MongoDB自带的监控工具mongostat与mongotop

这两个命令来监控MongoDB的运行情况。这两个命令对于我们处理MongoDB数据库变慢等等问题非常有用，能详细的统计MongoDB当前的状态信息。除此之外，还可以用db.serverStatus()、db.stats()、开启profile功能通过查看日志进行监控分析。

一、mongotop

mongotop用来跟踪MongoDB的实例，提供每个集合的统计数据。默认情况下，mongotop每一秒刷新一次。

./bin/mongotop --help

View live MongoDB collection statistics.

Options:

--help 显示帮助信息

-v [ --verbose ] be more verbose (include multiple times

for more verbosity e.g. -vvvvv)

--quiet silence all non error diagnostic

messages

--version 版本号

-h [ --host ] arg 主机地址( /s1,s2 for sets)

--port arg 服务端口,也可以使用 --host hostname:port

--ipv6 开启IPV6，默认关闭

-u [ --username ] arg 用户名

-p [ --password ] arg 密码

--authenticationDatabase arg user source (defaults to dbname)

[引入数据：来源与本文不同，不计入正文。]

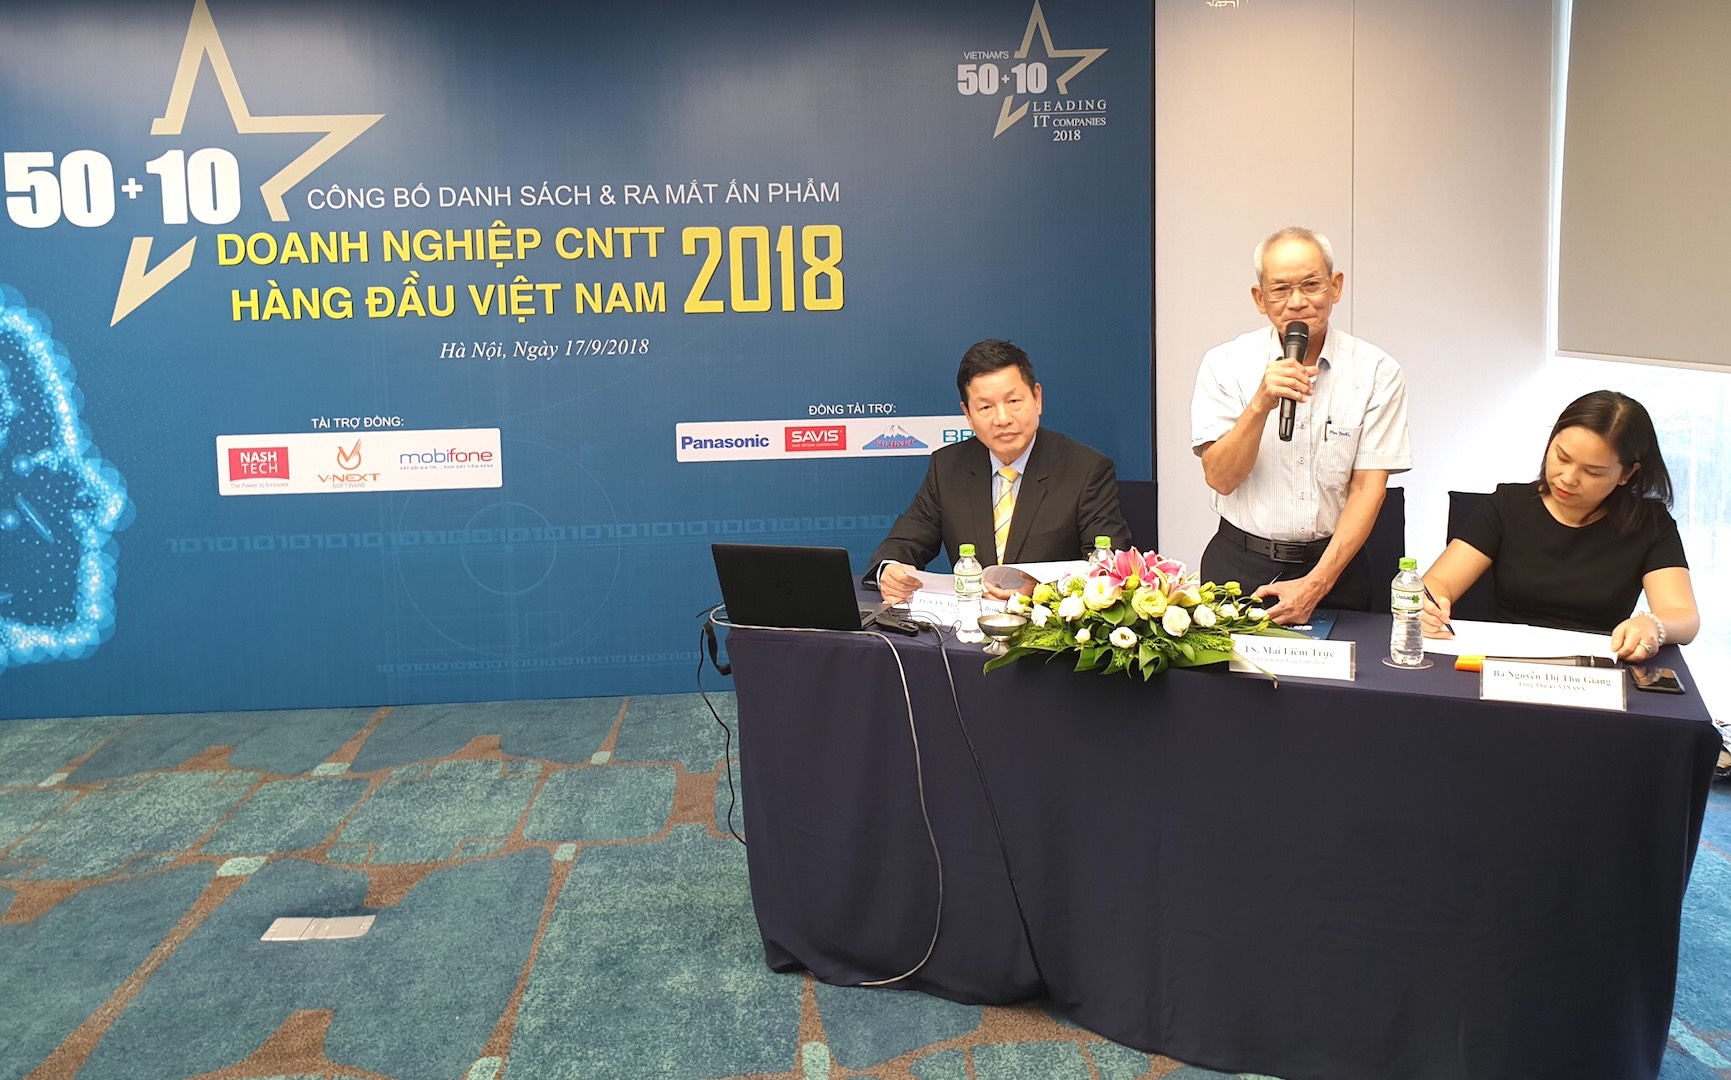 Lễ công bố danh sách 50 doanh nghiệp CNTT hàng đầu Việt Nam 2018. Ảnh: VGP/Hiền Minh

--authenticationMechanism arg (=MONGODB-CR)

authentication mechanism

--gssapiServiceName arg (=mongodb) Service name to use when authenticating

using GSSAPI/Kerberos

--gssapiHostName arg Remote host name to use for purpose of

GSSAPI/Kerberos authentication

--locks 查看数据库锁的情况

如:

ns total read write

User.User.user 0ms 0ms 0ms

User.system.indexes 0ms 0ms 0ms

......

输出字段说明：

ns：数据库命名空间，后者结合了数据库名称和集合。

db：数据库的名称。名为 . 的数据库针对全局锁定，而非特定数据库。

total：mongod在这个命令空间上花费的总时间。

read：在这个命令空间上mongod执行读操作花费的时间。

write：在这个命名空间上mongod进行写操作花费的时间。

二、mongostat

它每秒钟刷新一次状态值，提供良好的可读性，通过这些参数可以观察到一个整体的性能情况。

./bin/mongostat --help

View live MongoDB performance statistics.

usage: mongostat [options] [sleep time]

sleep time: time to wait (in seconds) between calls

Options:

--help produce help message

-v [ --verbose ] be more verbose (include multiple times

for more verbosity e.g. -vvvvv)

--quiet silence all non error diagnostic

messages

--version print the program's version and exit

-h [ --host ] arg mongo host to connect to (

name>/s1,s2 for sets)

--port arg server port. Can also use --host

hostname:port

--ipv6 enable IPv6 support (disabled by

default)

-u [ --username ] arg username

-p [ --password ] arg password

--authenticationDatabase arg user source (defaults to dbname)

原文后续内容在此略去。